By then, Donnelly’s status as a national hero had already been achieved. Legend holds that the doctor who attended his birth had predicted he would ‘perform great deeds for Ireland.’
Typical of boxing, of course, his life is one in which reality and mythology are not easily separated.
For example, it is also claimed that when he heroically saved a woman from being deliberately drowned in the Liffey by two sailors, they beat him close to death.
He recovered in time to defeat another English boxer Tom Hall.
It was claimed that Donnelly was actually a peace-loving man who only agreed to fight Hall at the insistence of fellow Dubliners who called on him to ‘defend the honour of Ireland.’
That boxing promoters played on the fractious relationship between Britain and Ireland was typical of the period in which similar rivalries were wrapped around Romany, Jewish and black fighters.
It’s a method of marketing which has been repeated time and again. For example, in the 1930s, the Cobh boxer Jack Doyle – known as ‘The Gorgeous Gael’, ‘The Body Beautiful’ and ‘The King of Clout’ – began a professional boxing career with ten straight knockouts (courtesy of a powerful right hand).
This brought him massive publicity and his successes, backed by his looks and a whirl of hype, allowed him to embark on a lifestyle that neutered his talent even as it developed.

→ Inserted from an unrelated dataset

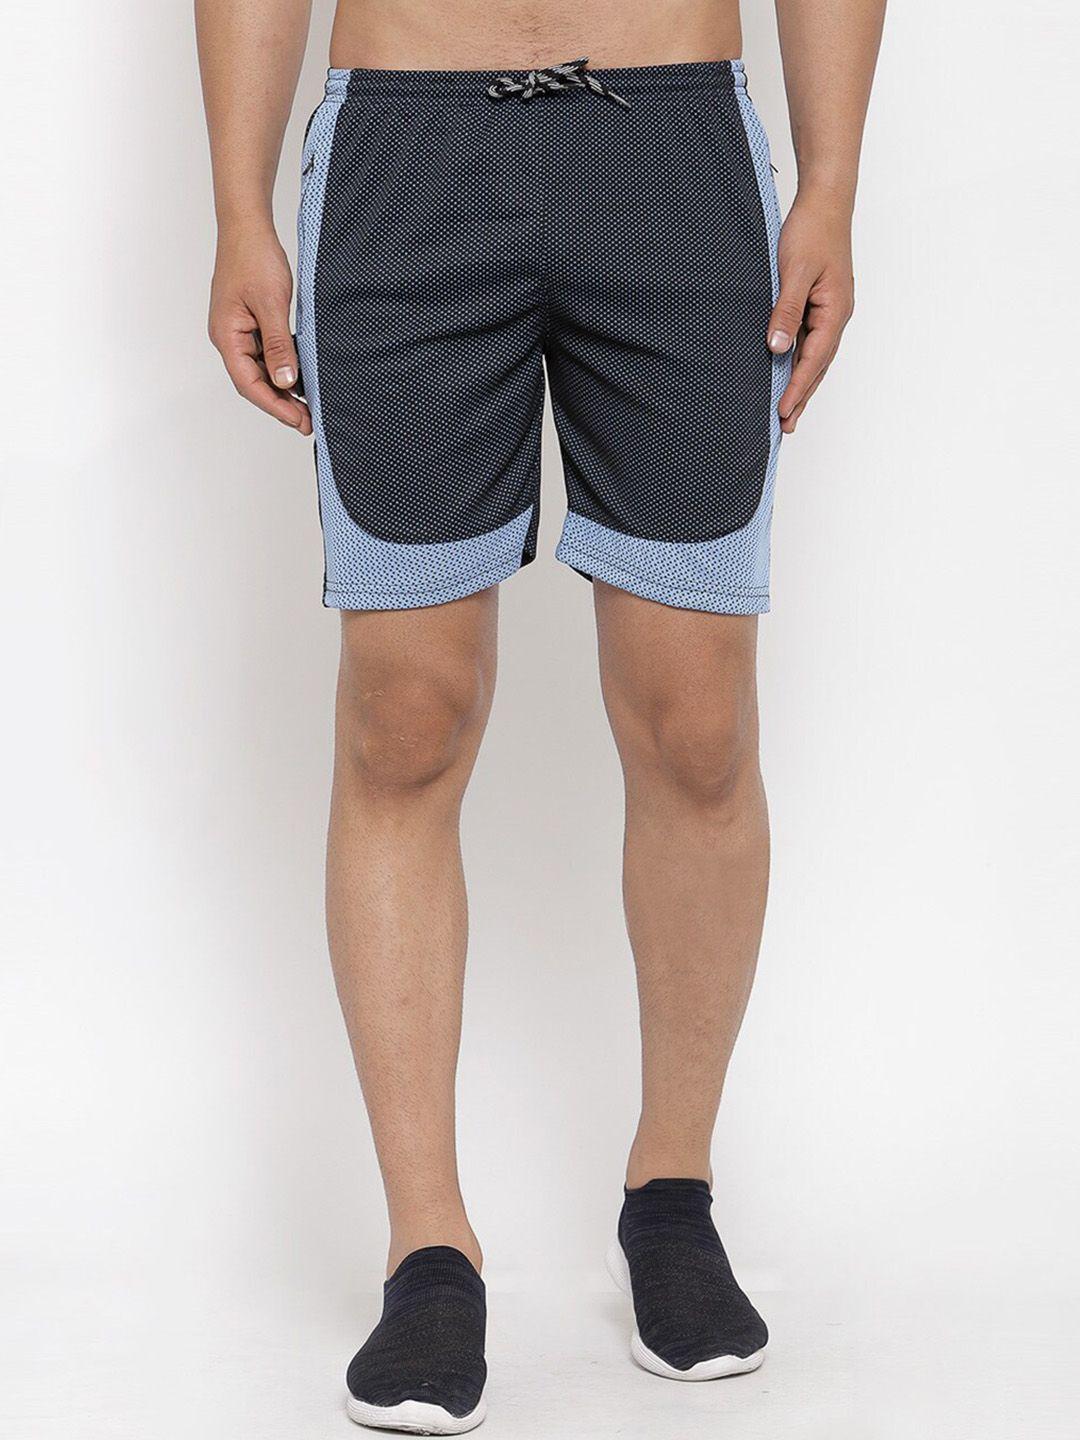 klotthe-men-geometric-printed-rapid-dry-sports-shorts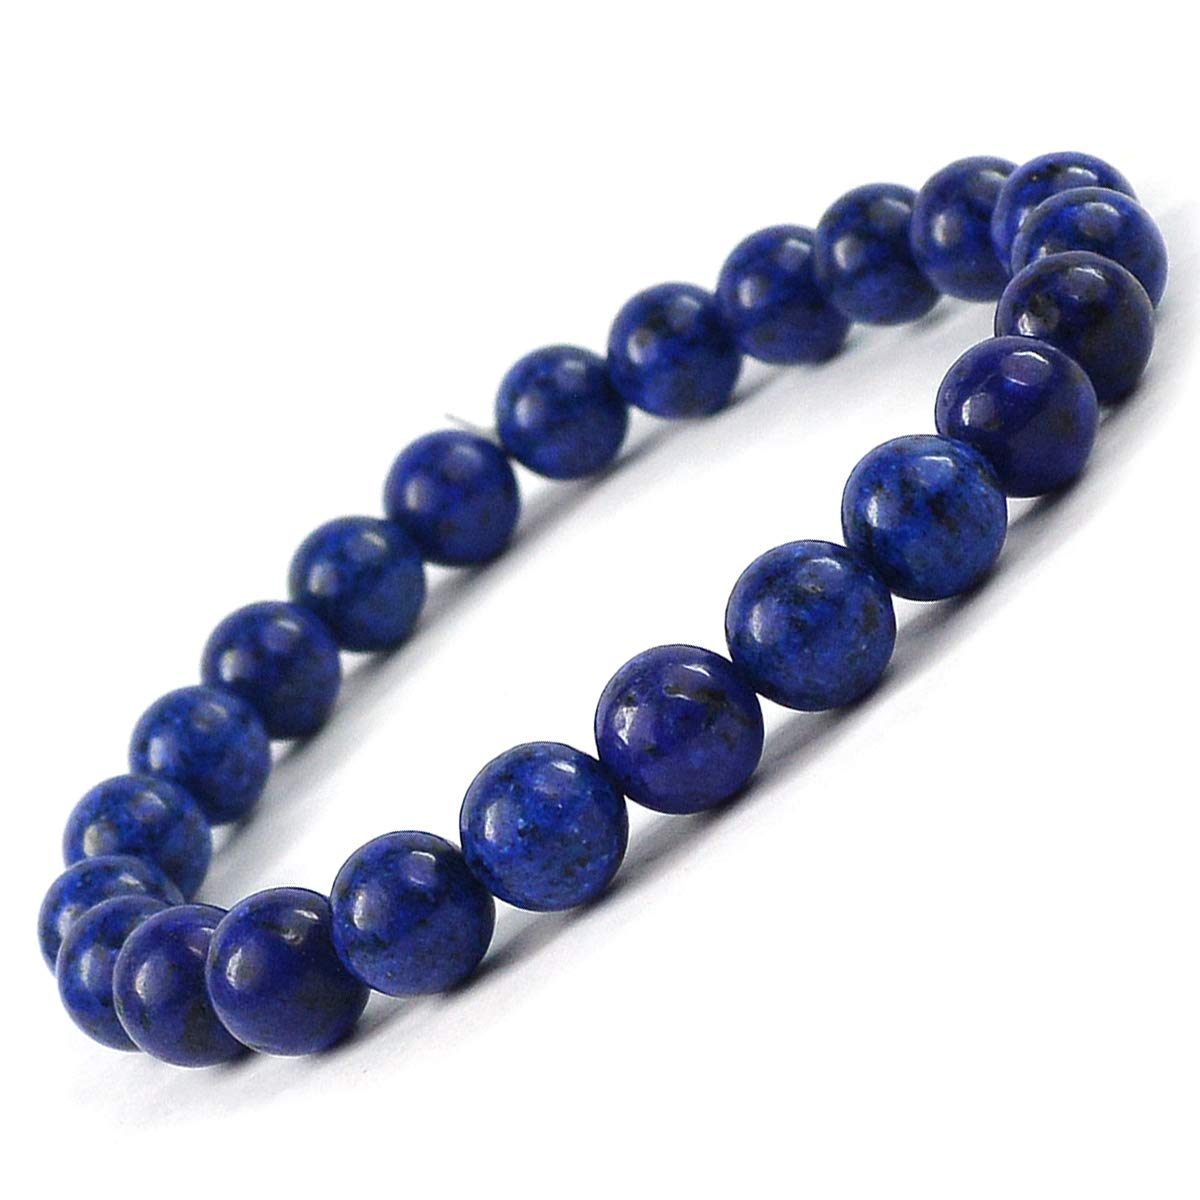 Healing Crystals - Wholesale Lapis Lazuli Crystal Stone Bracelet

In July 1933 he fought the Englishman Jack Petersen for the British heavyweight championship in front of a 70,000 crowd in White City, London, but was disqualified for a series of low blows in the second round.
This induced a mini-riot as his supporters stormed the ring, throwing chairs, before carrying him shoulder-high to Marble Arch. Returning to an adoring Irish public who viewed his disqualification as part of a British conspiracy, he packed out the 3,500-seater Theatre Royal in Dublin and the Opera House in Cork, where he demonstrated his fine tenor voice in concerts.

Doyle went on to star in Hollywood movies, and formed a carousing friendship with Errol Flynn and Clark Gable, before his career dwindled and died.
For Doyle – and for Donnelly before him – their ‘Irishness’ was not enough to protect them when the money stopped rolling in and their bodies began to betray them.
The fighting world is full of men like them who destroyed what they had earned and ended up in penury and ill-health. If McGregor is as clever as he would appear to be, he will milk the sport for everything he can get from it and then get out.
But will he be able to resist the lure of being the centre of attention? Will he be able to cope without the extraordinary rush of adrenaline which must come from doing what he does in the way that he does it?
Basically, will he know when to walk away and not come back?
History suggests that he won’t – and that element of the McGregor story might also prove to be something old served up anew.